Au final l’œcuménisme ne m’intéresse pas. D’abord parce que souvent on ne comprend pas grand-chose aux enjeux et querelles théologiques. Ensuite parce que les initiatives diocésaines sont rarement très motivantes : les samedi après-midi d’alternance grand groupe / petits groupes pour un échange avec repas tiré du sac, cela va 5 minutes.
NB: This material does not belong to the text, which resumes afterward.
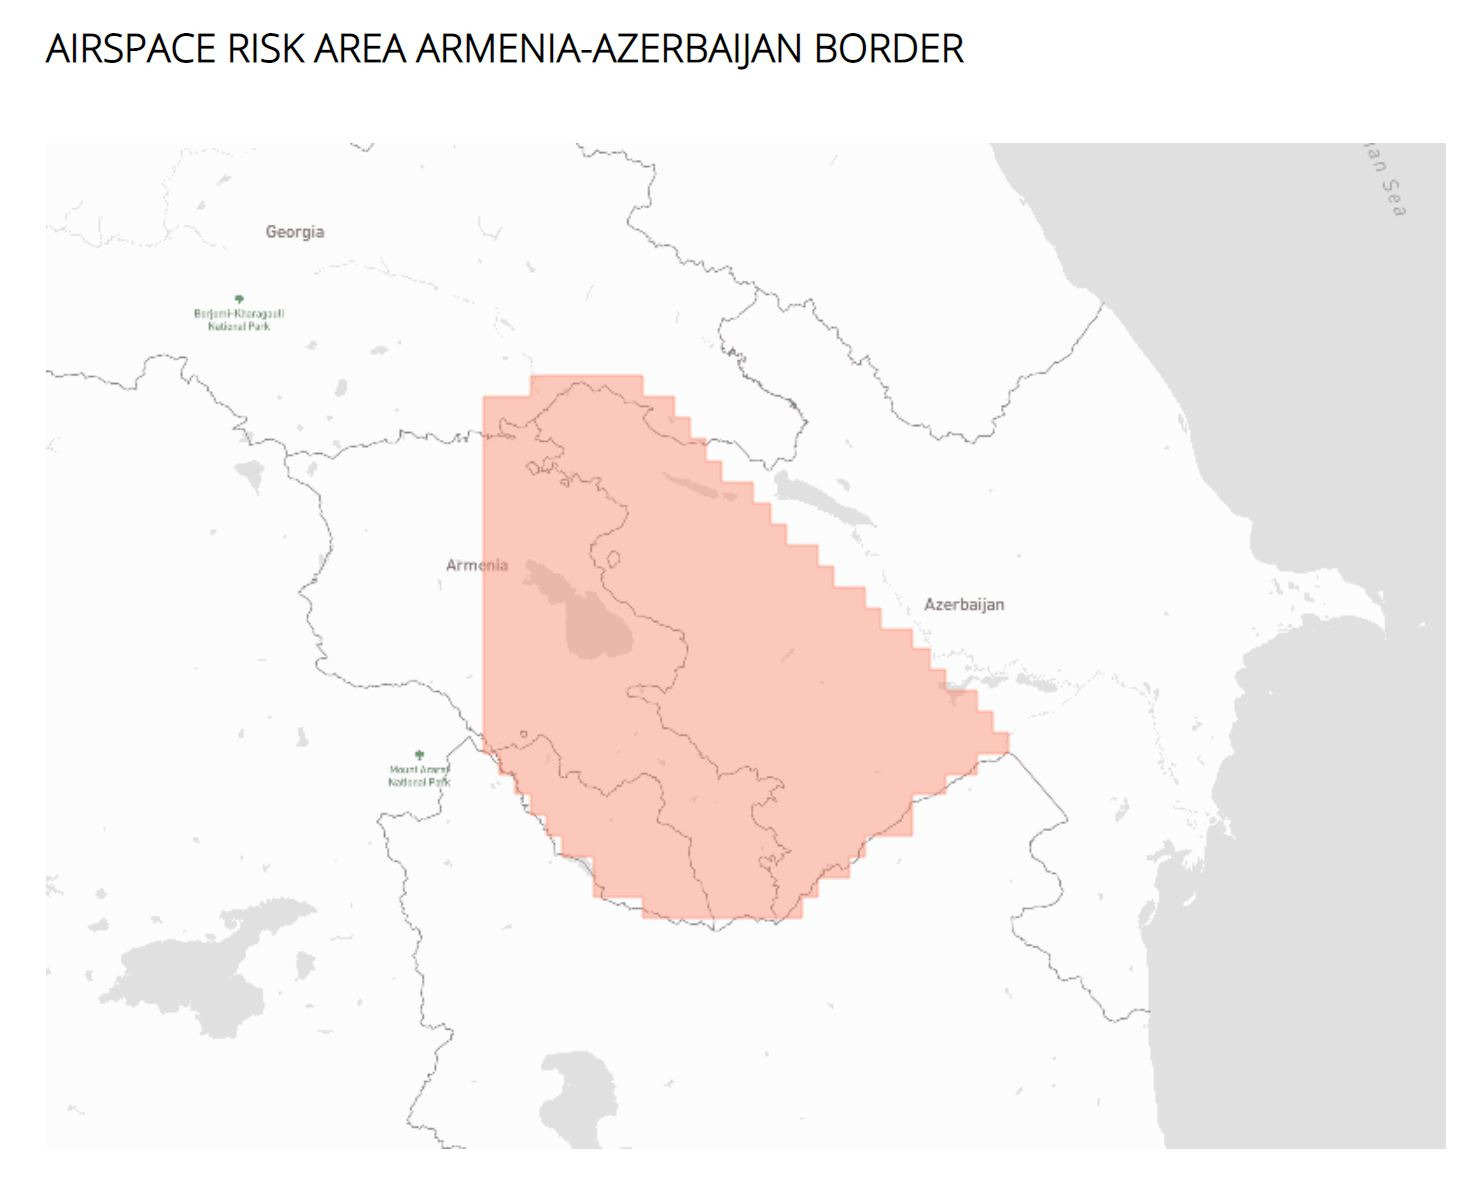 Airspace risk area Armenia-Azerbaijan border

Enfin parce que les logiques d’une grande unité de l’Eglise me laisse perplexe.

C’est bien la raison pour laquelle je vous recommande la lecture du dernier livre de Philippe Dautais, prêtre rattaché à l’Eglise orthodoxe roumaine qui anime depuis plus de 20 ans des sessions et retraites en Dordogne.

D’Adam à Jésus, en passant par Noé et David, il nous livre ici une superbe introduction à la théologie orthodoxe, avec des textes savoureux et remplis de sens.

Car finalement, l’enjeu de l’œcuménisme est aussi ici : pouvoir redécouvrir tout un patrimoine spirituel, dans une lecture de la Parole de Dieu qui sans faire abstraction de l’intelligence de la Foi nous emmène au cœur de la Prière du Cœur.

Livre accessible à tous.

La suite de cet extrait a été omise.